The Truth & Reconciliation Commission and Nelson Mandela's former bodyguard, Chris Lubbe appear in this week's video too.
4. Treat yourself like you would treat your best friend.
We would never talk to our best friend in the ways we let our Inner Critic talk to us. We would not judge them so harshly or criticise their efforts so routinely. Instead, we would show empathy for their situation, gratitude for their efforts and be generous with our praise for their thoughtfulness. If you find yourself battling with your Inner Critic, try this little exercise:
Sit down, across from an empty chair. See yourself sitting in that chair. Imagine that the you in that chair is your best friend, who is sharing with you all of his or her perceived weaknesses. Now respond as if this is your best friend? Do this regularly until you no longer beat yourself up routinely!

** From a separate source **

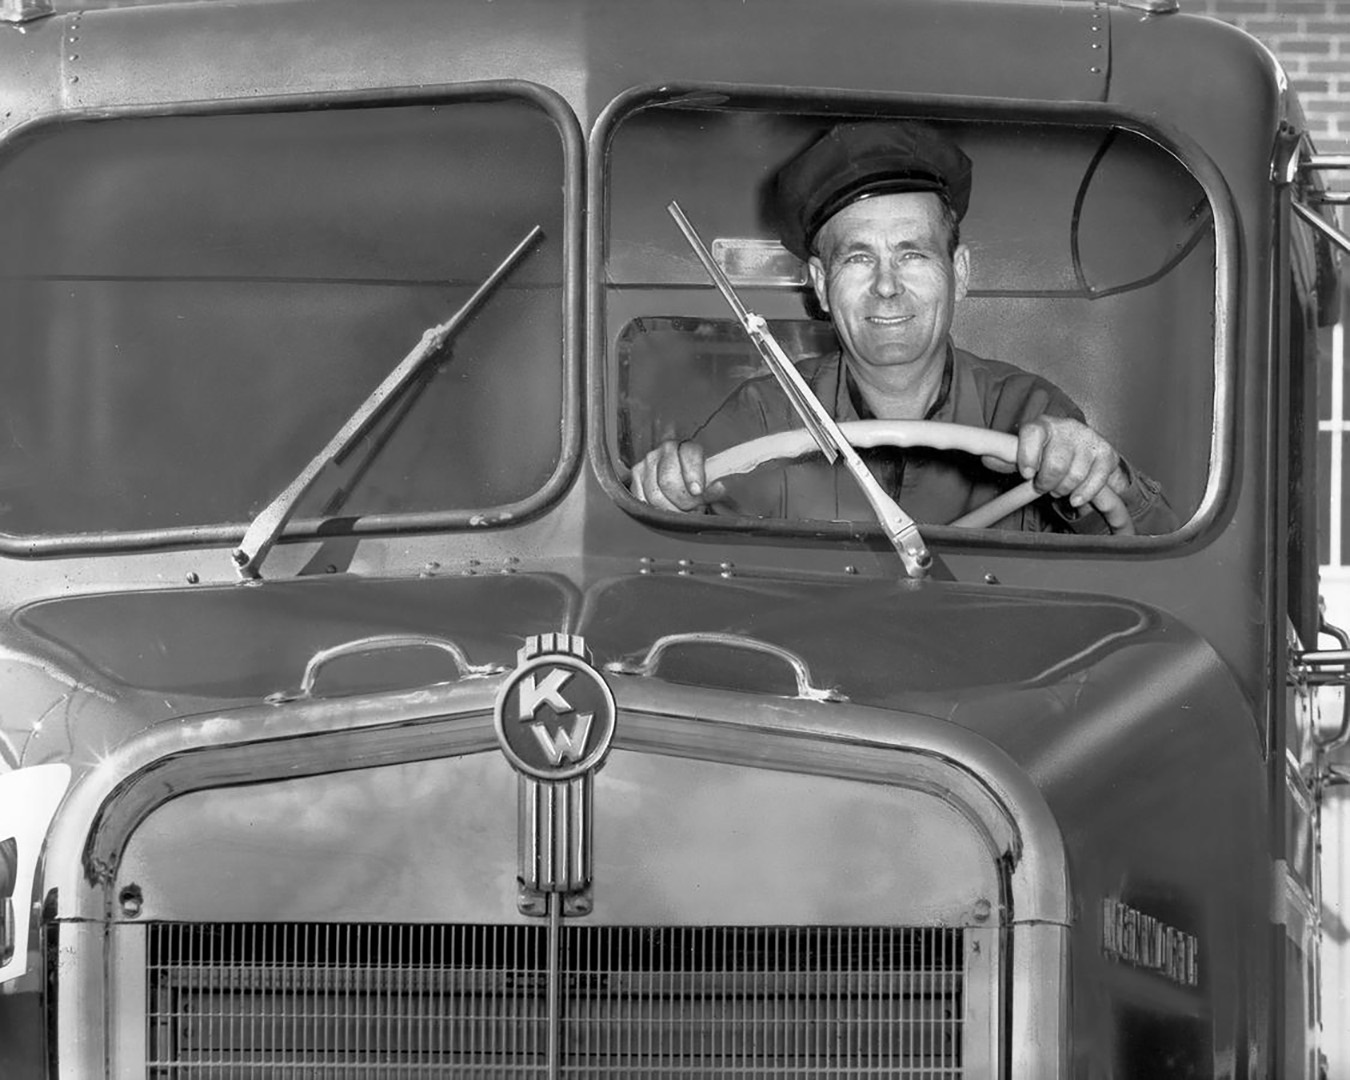 Kenworth truck and driver 1961

5. “Do as little as needed, not as much as possible.”— Henk Kraaijenhof
This quote from an Olympic Coach is a critical component of looking after ourselves. None of has limitless energy. If we constantly accept all requests or demand of ourselves all-out effort all the time, we will eventually burn-out. Being good to ourselves includes preserving our energy for the things in life that bring us joy and propel us towards our dreams. The psychologist, Gay Hendricks, in his book, The Big Leap, suggests saying No often to focus on activities that are clearly in your "Zone of Genius". Saying no for that reason may even inspire others to start considering their own activities.
6. Do something for someone else.
All of that saved energy will make some space for you to help someone else. This is the quickest antidote to depression and it’s also a very powerful way for you to begin to love your self. Random acts of kindness can work just as well as helping someone you know well. Make an anonymous donation, send a surprise gift for no reason. It will boost your self esteem and make someone's day.
7. Keep Smiling.
What makes you smile? Simple and fun activities like listening to music, listening to an inspiring podcast, walking in nature, watching a fun film, exercising or meditating. Create a list of enjoyable activities and see if you can squeeze in at least five every day. When you make this a daily priority, you are giving yourself the message that you deserve to be treated well. After a while, you will begin to believe it.
8. Do a Daily Audit.
Most people find it quite easy to list the things they do which don't quite hit the mark. If you make a daily habit of listing all the things you have done that were great, you'll soon find it just as easy to recall this self-boosting list. Every day, if you're like 99% of the population, you will seek to help others, collaborate, support and who knows, even be kind to yourself. By developing a routine and literally counting these things you will create something called "cognitive dissonance" which is a discomfort with an outdated belief. In this case, your old belief will be that you are not good enough. Your really are.